(ABOUT THIS EXERCISE):
Full transcription, minus images: write out the listing below exactly as it appears.

(INFORMATION PROVIDED):

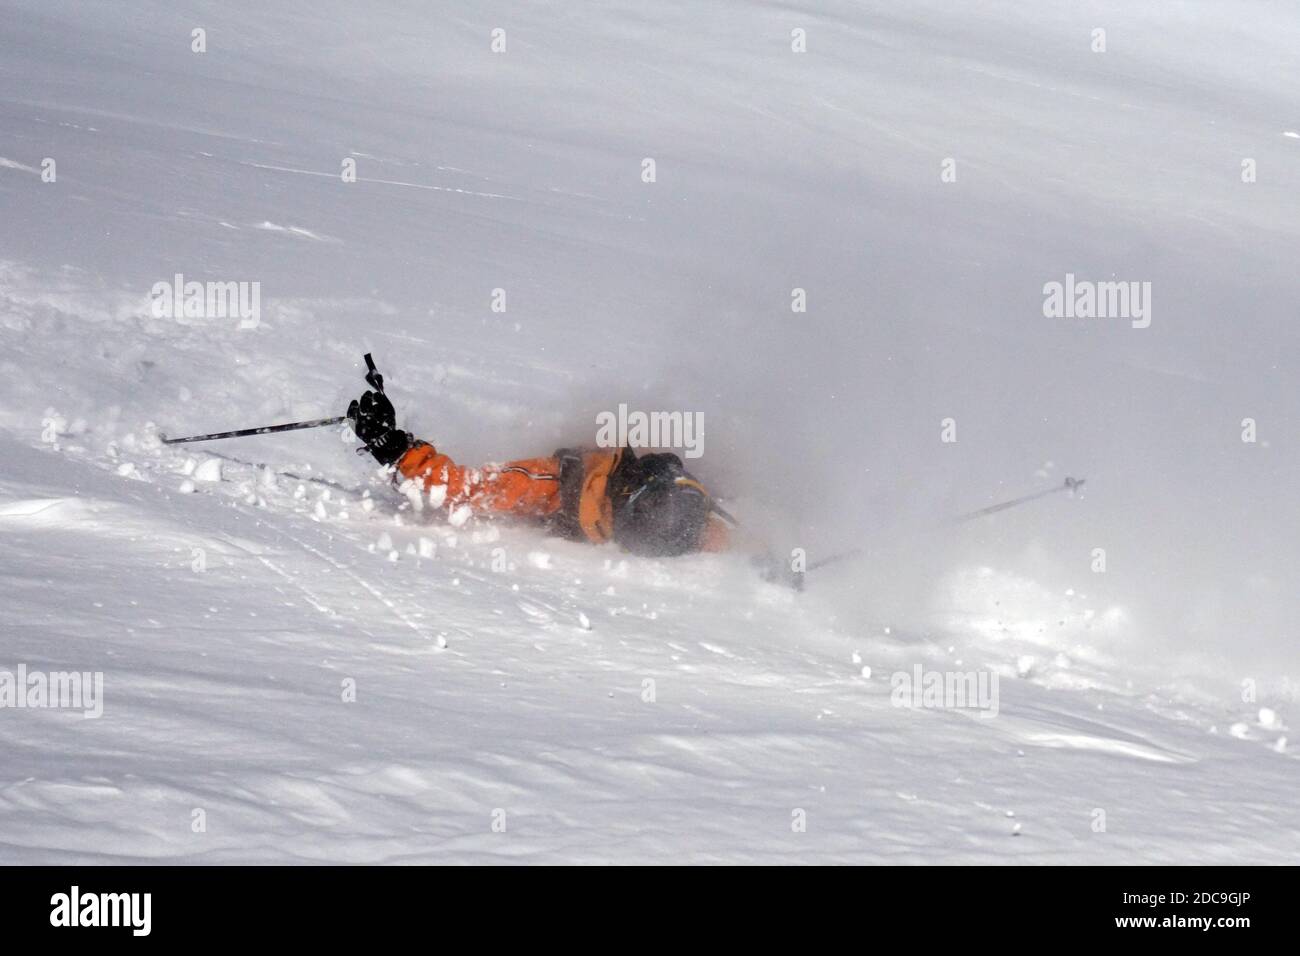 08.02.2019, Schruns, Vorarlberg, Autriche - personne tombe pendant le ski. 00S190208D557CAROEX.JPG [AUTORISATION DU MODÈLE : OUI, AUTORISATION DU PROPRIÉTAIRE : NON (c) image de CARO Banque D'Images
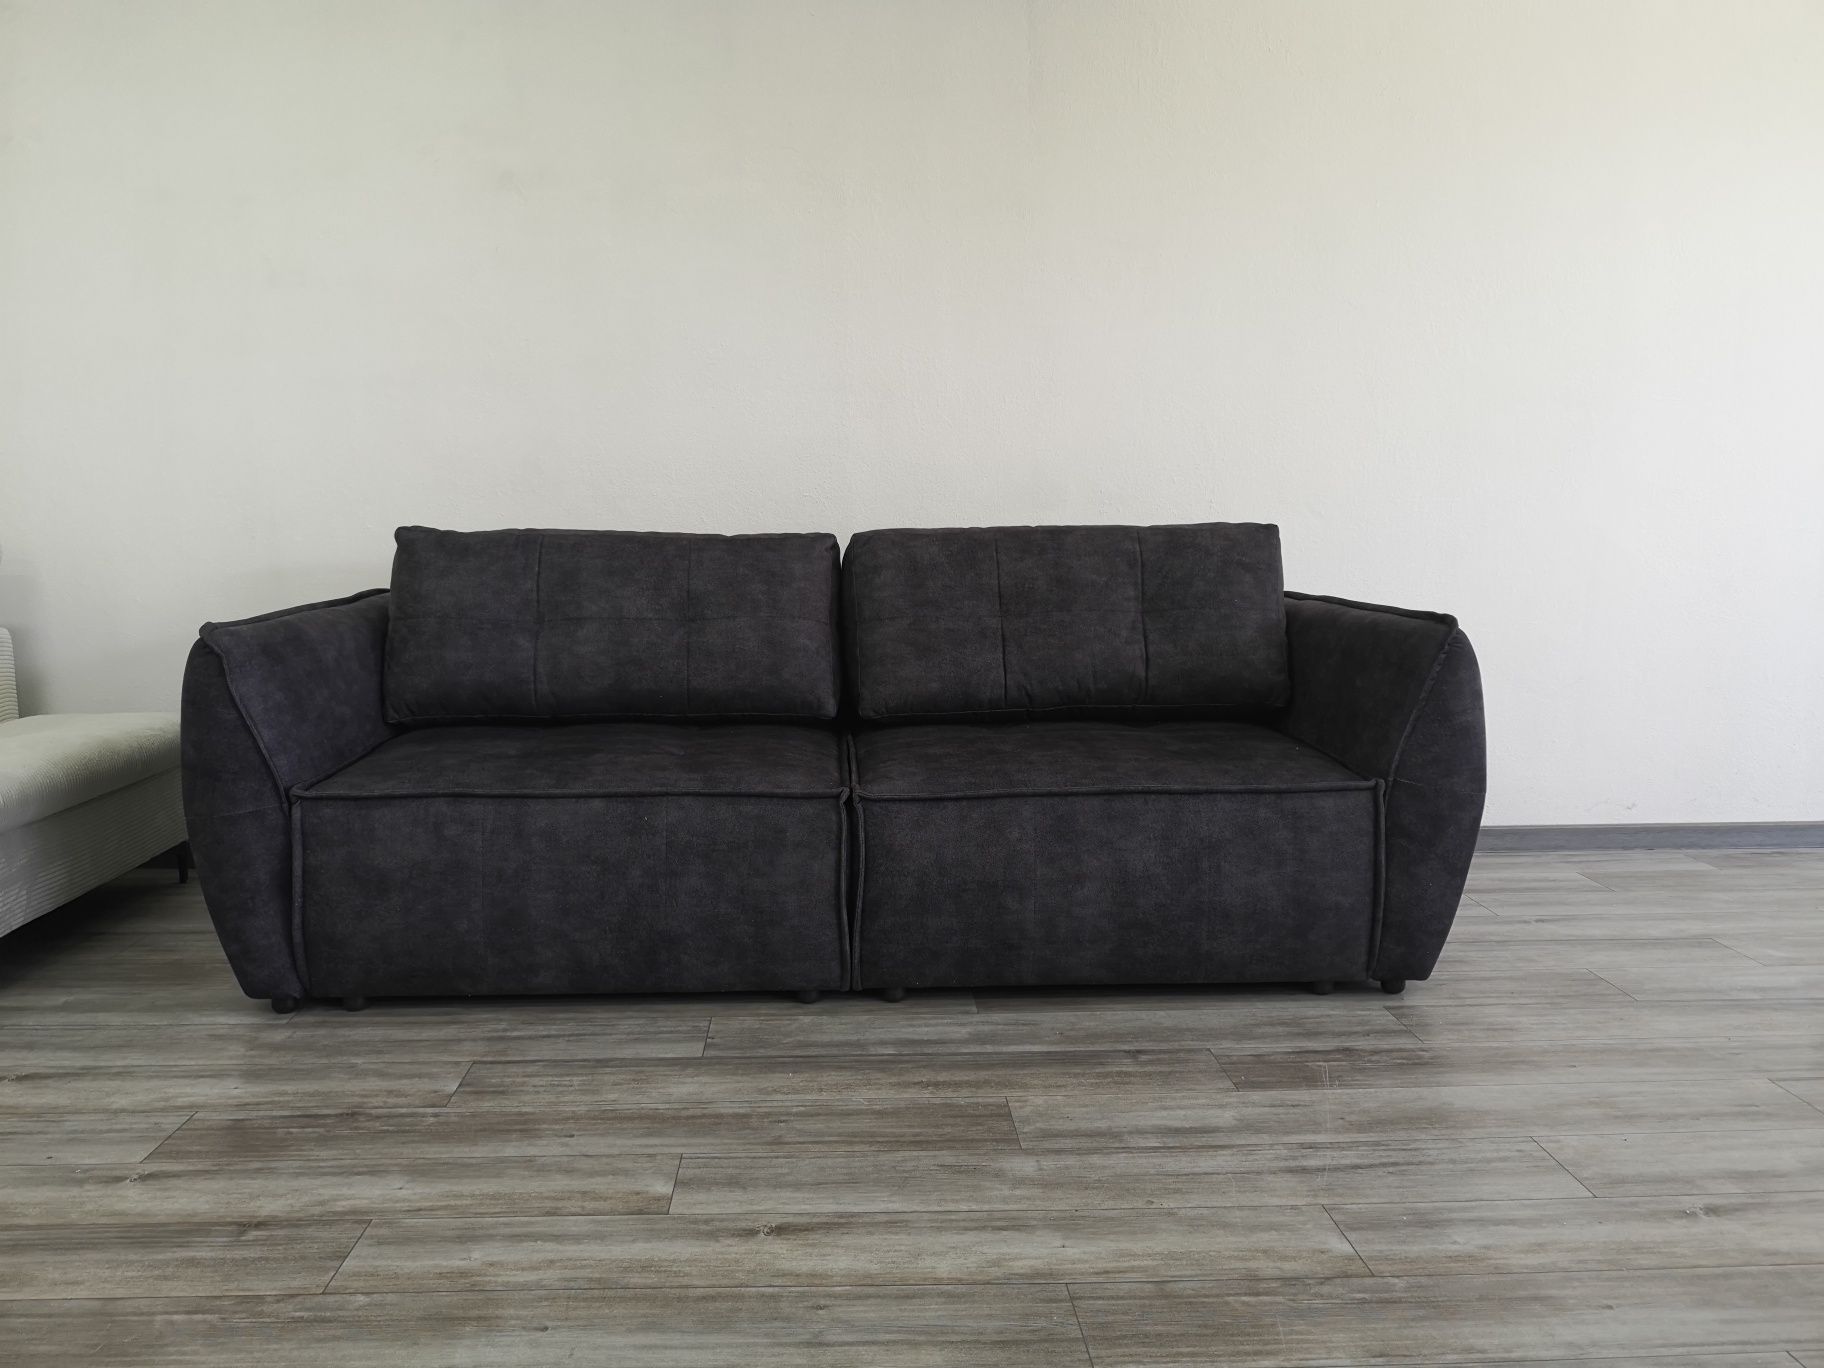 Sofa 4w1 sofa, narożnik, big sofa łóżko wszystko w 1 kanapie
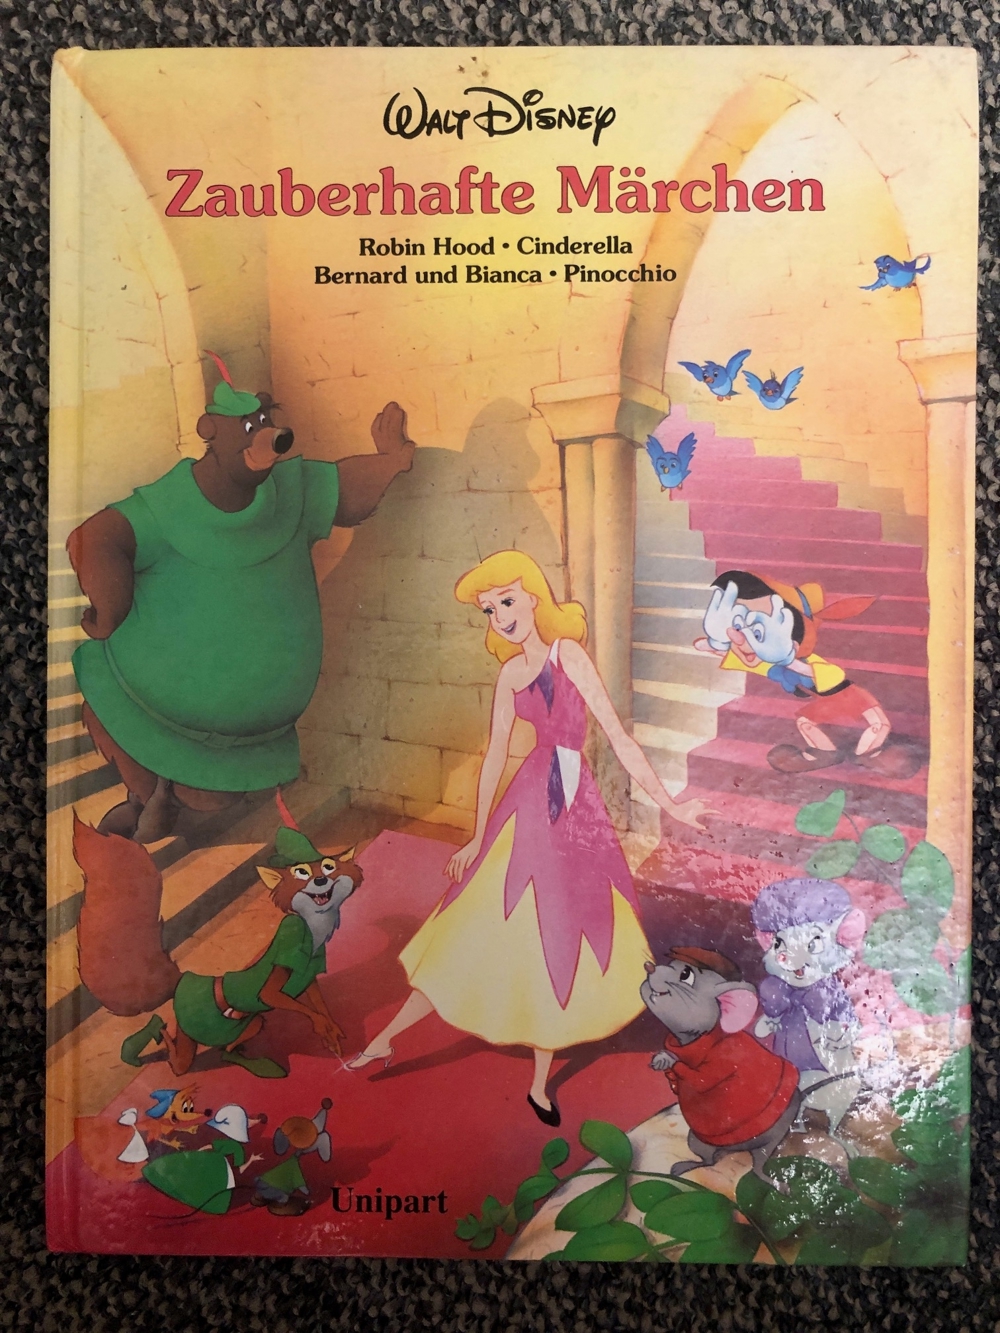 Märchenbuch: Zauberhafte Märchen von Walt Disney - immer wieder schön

(OUTPUT):
 08.02.2019, Schruns, Vorarlberg, Autriche - personne tombe pendant le ski. 00S190208D557CAROEX.JPG [AUTORISATION DU MODÈLE : OUI, AUTORISATION DU PROPRIÉTAIRE : NON (c) image de CARO Banque D'Images
 Sofa 4w1 sofa, narożnik, big sofa łóżko wszystko w 1 kanapie
 Märchenbuch: Zauberhafte Märchen von Walt Disney - immer wieder schön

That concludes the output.